Por su parte, SAP también registró una significativa caída tras sus cifras. Esta combinación generó un efecto contagio inmediato: los fondos cotizados (ETFs) del sector y la mayoría de los valores de software, incluido Salesforce, fueron vendidos de manera indiscriminada. En estas fases de aversión al riesgo, el mercado suele operar con un pincel grueso, penalizando a todo el grupo sin distinguir las circunstancias individuales de cada compañía.
Próximo hito: las cifras trimestrales como punto de inflexión
Tras esta corrección, la acción de Salesforce cerró la sesión del jueves en 214,08 dólares. La atención se centra ahora en si los próximos resultados financieros podrán devolver la confianza o si, por el contrario, el mercado mantendrá una valoración más cautelosa sobre el sector a medio plazo.
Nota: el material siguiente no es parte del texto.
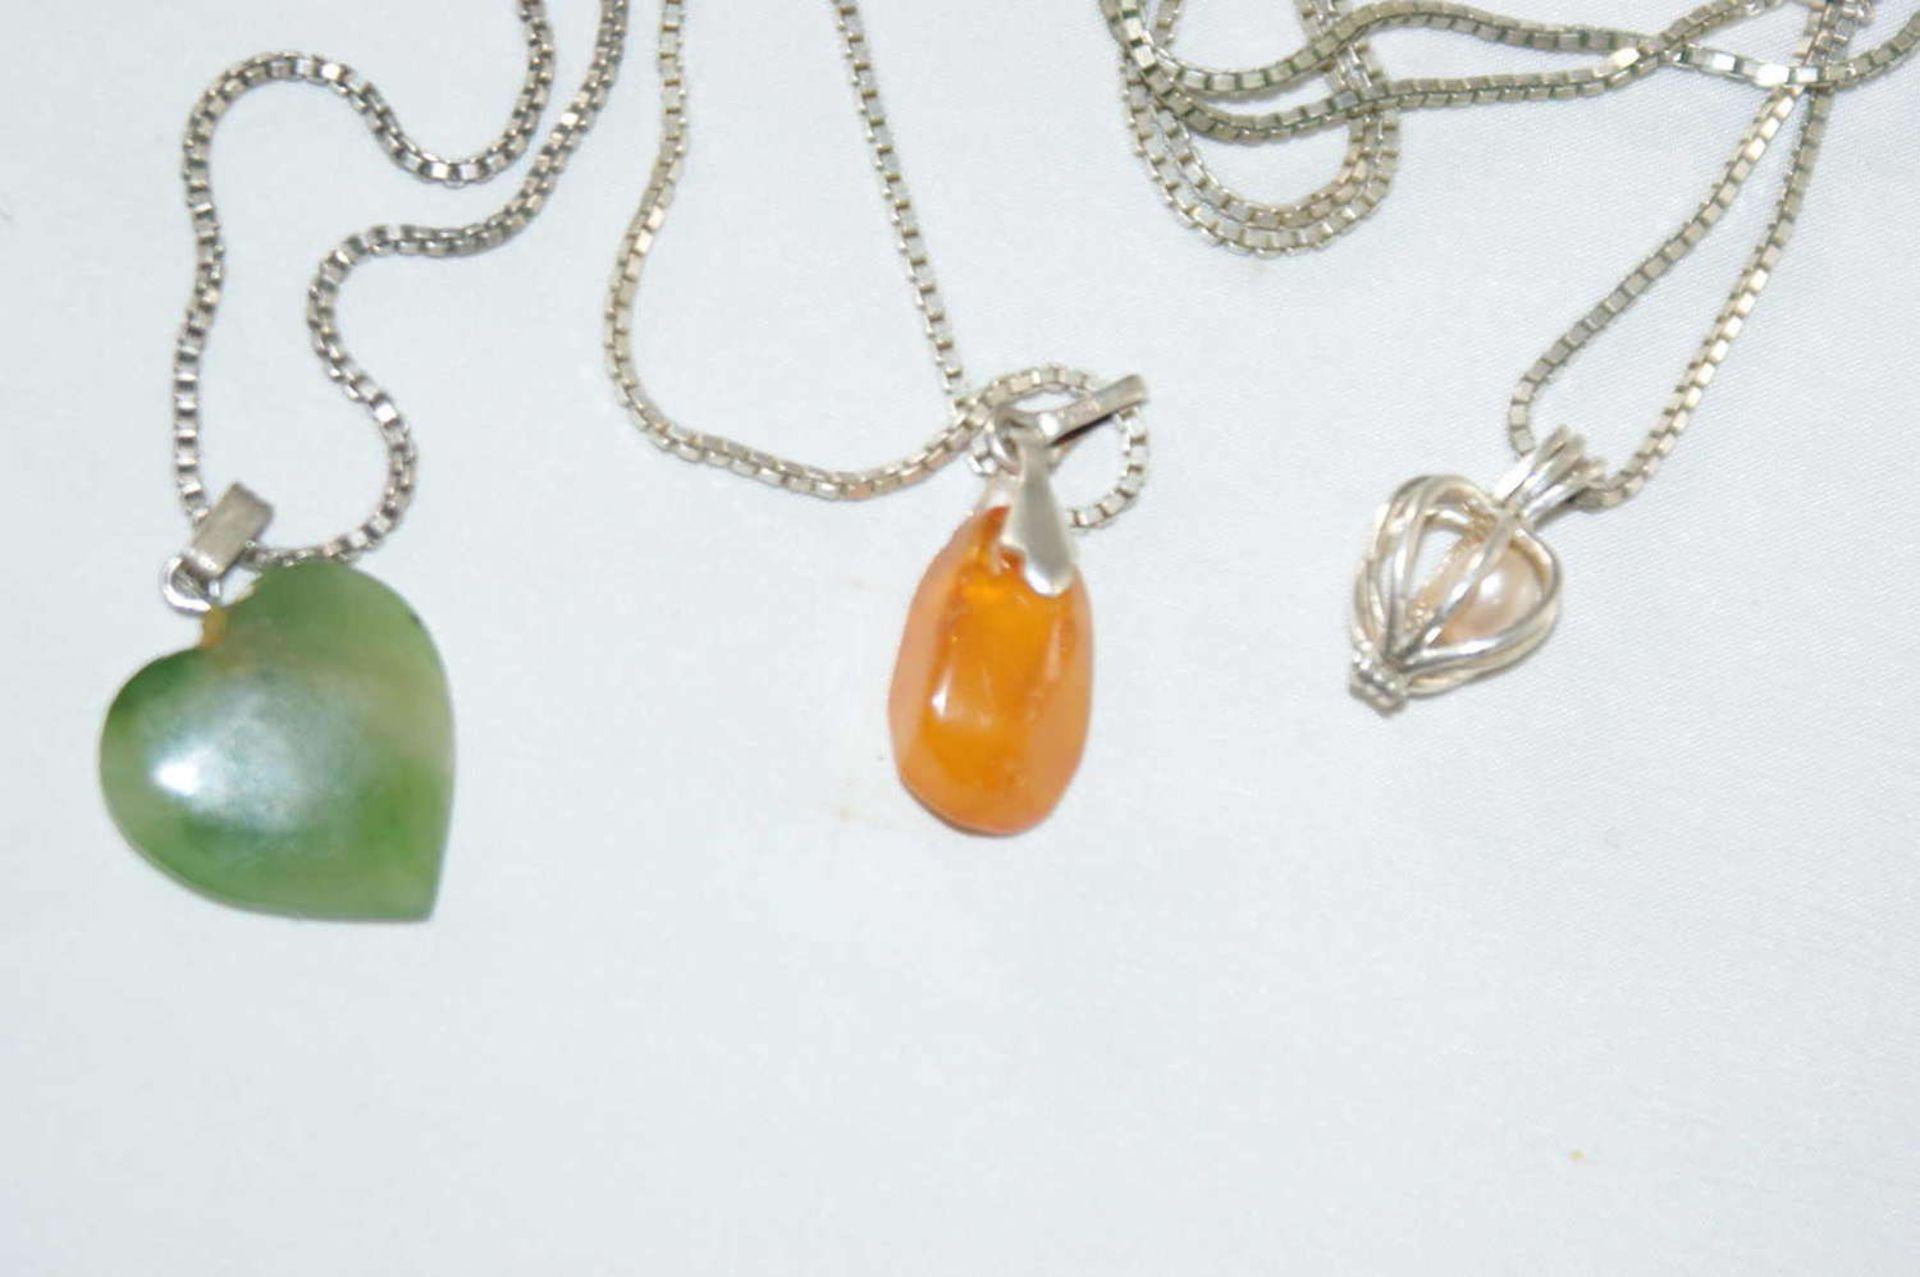 3 Silberketten mit Anhänger, 2x Halbedelstein, 1x Perle. Gewicht ca. 23 gr. - Bild 2 aus 2

La cita clave está marcada en el calendario: la publicación de los resultados del último trimestre está prevista para alrededor del 25 de febrero de 2026. En su anterior informe, correspondiente al tercer trimestre y hecho público el 3 de diciembre de 2025, Salesforce ya había sorprendido positivamente al reportar un beneficio por acción de 3,25 USD, muy por encima de los 2,58 USD que esperaba el consenso del mercado. Este antecedente sugiere que la ejecución operativa de la empresa ha sido recientemente más robusta de lo anticipado.